Hi
Um not sure where to start really or what to say other than the obvious...that I am at the lowest of all lows and obviously thinking very bad thoughts to be here but I daren't say much I am not sure what is allowed or appropriate at this stage and the last thing I ever want is to upset people.
Well I am a very nice person despite all the pooh of my life I am a 26yr old girl and try to be a good human being. I can't really think straight right now so I am very sorry if none of this makes sense you would think it should as I have an English Degree it was only a 2.2 though I nearly didn't even get that thanks to all my problems, but I don't know I can not think properly for the crying and the pain and the ringing in my ears.
I hate being whiny and wallowing in self pity but I guess I am a negative pessimistic person because of my problems so I am probably the kind of person I hate most haha how ironic.
Anyway an overview of my life for anyone interested...
*Domestic Violence as I was growing up which lead to the death of my dad when I was 16yrs and he did it himself I am sad to say. (More irony) I have a great mum though, best you could ask for considering what I've put her through. I have an older brother who is cruel and saracastic and abit like my dad, I don't have a good r.ship with him but I have a youger bro who is 18 now and who I love to bits and he is awesome. My childhood was half traumatic and half happy but I won't go into the utter nastiness of the first half.
*I got acne on my face and back at 13 which got completely and utterly severe and out of control after at 16yrs old. I was left scarred and I wanted to end things many times over as I never saw a pretty girl only ugly acne and scars...just awful I could never look in a mirror. I had other body issues too, I have ednos (that's an ed with a bit of everything thrown in I guess) and I always hated my body for all the freckles, moles, paleness, veins, stretch marks etc the usual stuff but I got by everyday by focusing on my good points. I had work done on my scars and acne and there was hope of improvements and I was pretty and I could still put a dress on and get a bit of a tan on holidays and I enjoyed shopping and doing yoga pain-free so I had some good things left in life. Hmm miss those days.
*My scars got worse and I was suicidal again so I joined an acne site to get info and that is where I met my now fiance of 5years, he too had acne and scars but only on his back. He is my soulmate and I love him and he saved my life at that fragile time. I had more work on my scars, we lived together at my mums or his for a couple years and struggled to find jobs it was hard and embarrassing at 22/23 but life was still hopeful...things looked okay for the future, I was still down and dealing with my past and my body and face issues but there were saving graces to cling to.

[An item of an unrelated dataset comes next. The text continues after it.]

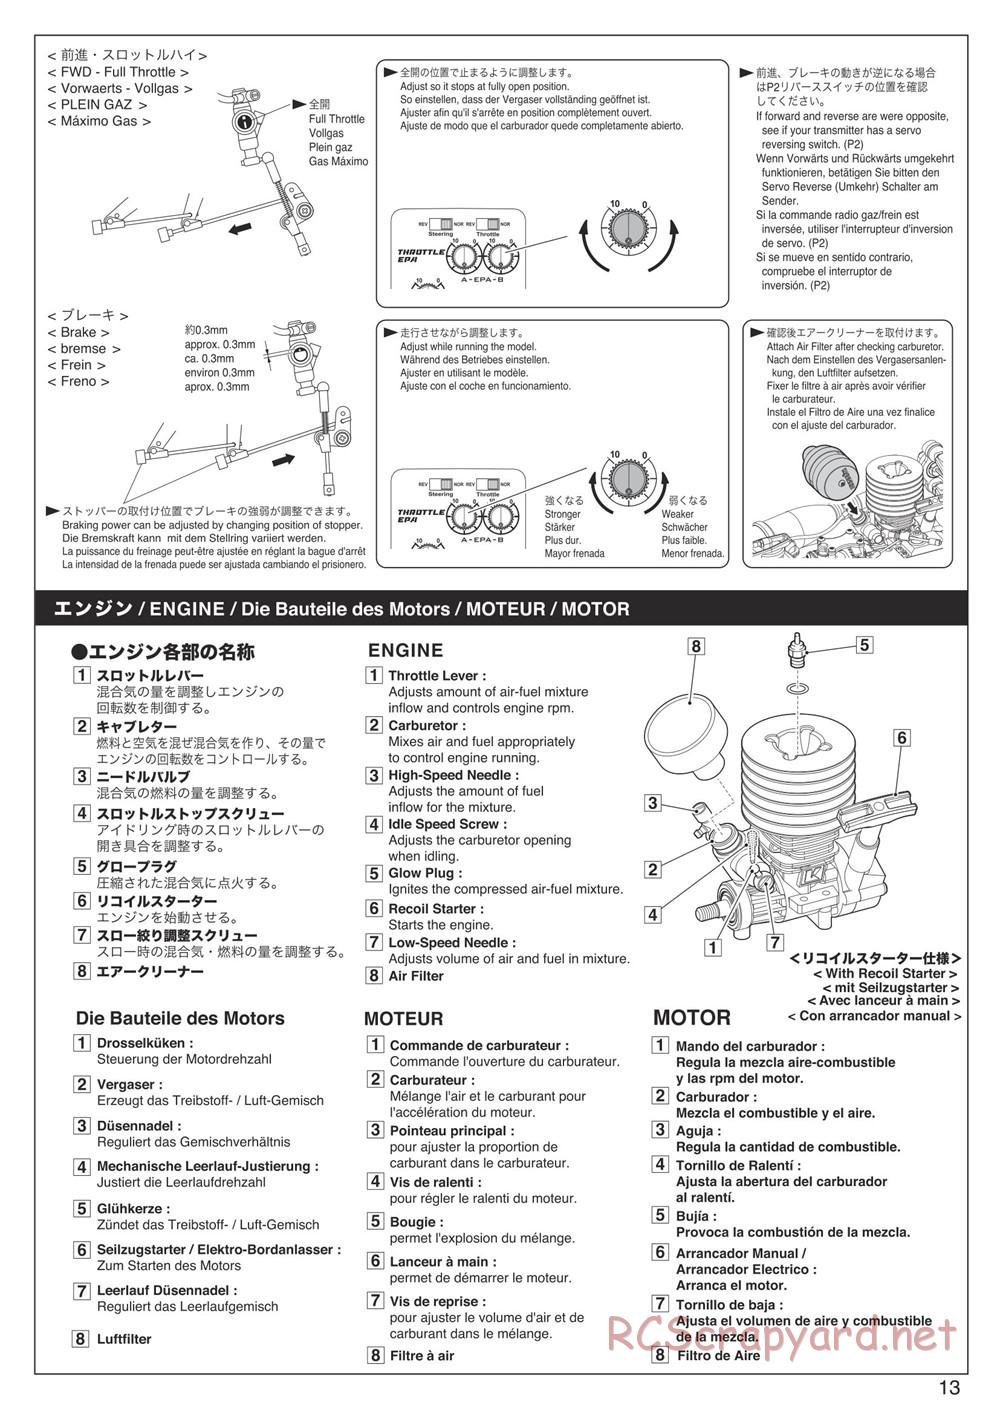 Kyosho - DMT - Manual - Page 13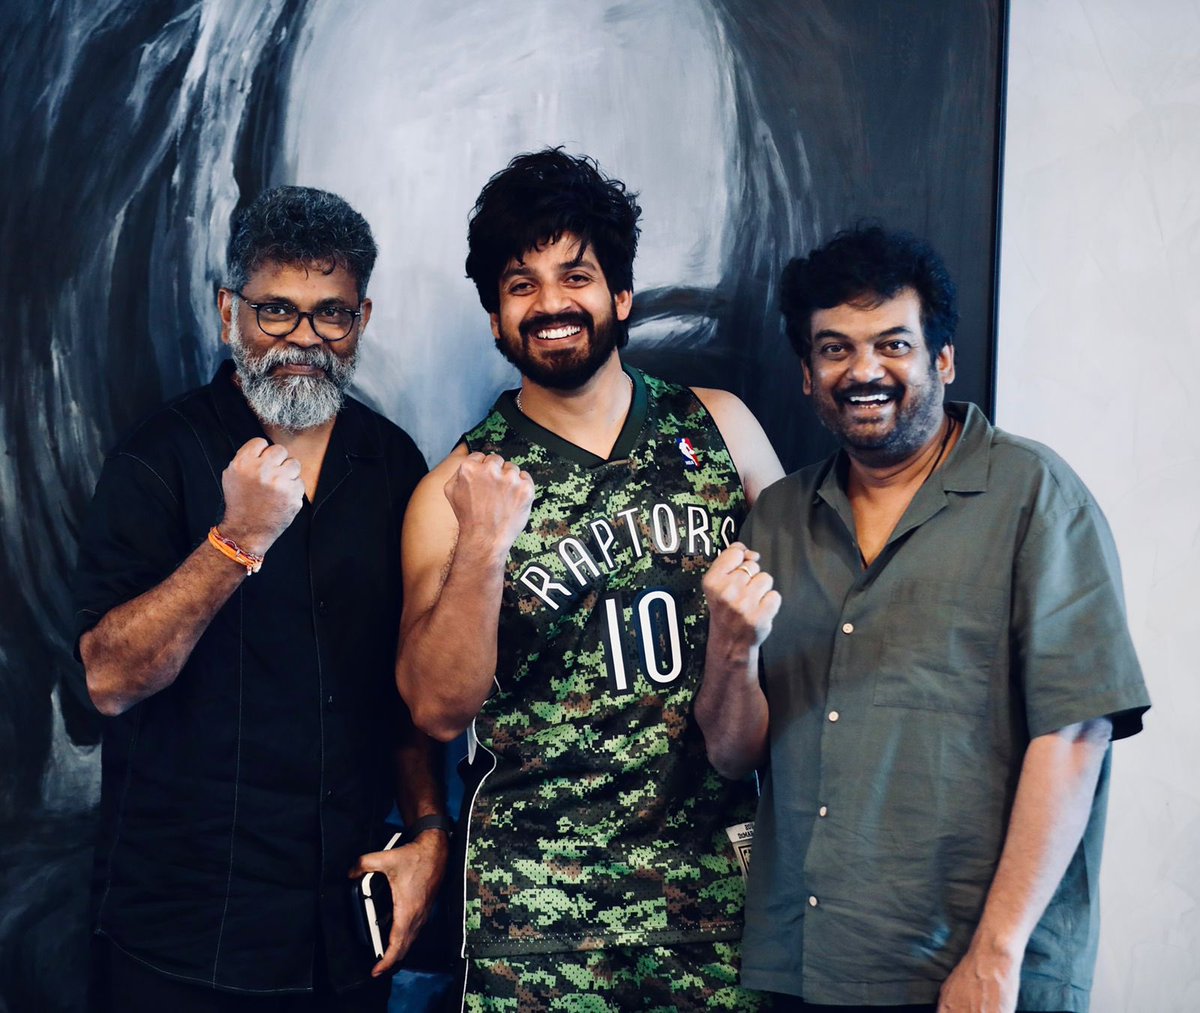 With the gurus @purijagan and @aryasukku What a energy and vibe 💫💫 #thankful #blessed #liger #pushpa

* 3 years my acne got severe again. I was distraught. Mom had paid 6k for my procedures to fix scars. I desperately needed to get a job and I needed confidence for that. I didn't want to lose my fiance cos iof my depression. So I took a drug I had refused 3 TIMES in life because of the side effects. But I was DESPERATE. The drug is accutane. My life has never been the same since.....
....my side effects have never left and in fact got worse and continue to get worse and they will do until I die which will probably be from an early stroke or heart attack thanks to the drug that's if I make it that long.
I have gone from a healthy girl to a broken shell of my former self.
Some of my problems are a direct result of the drug, others are just a result of the damage it has done to every tissue in my body and also a few other dumb things I did like sleeping pills for 5 years straight, getting sunburned on the drug and taking ephedra and overexercising my body to lose weight and taking wellbutrin antidepressant (this worsened my ear ringing, stress has increased it and 3 years later it is now v.loud and ANNOYING)
In short:-
*I am now DEATHLY white my skin has shed and been burned off, I am now allergic to sunshine, even ten minutes brings me out in a rash. No more sun and no more holidays for me.
*If I am not white I am purple or bright red on my arms, hands, legs and feet due to accutane flushing and also vascular insuffuciency. Very ugly and embarrassing. Tipping my hands to my side makes them even redder and purple.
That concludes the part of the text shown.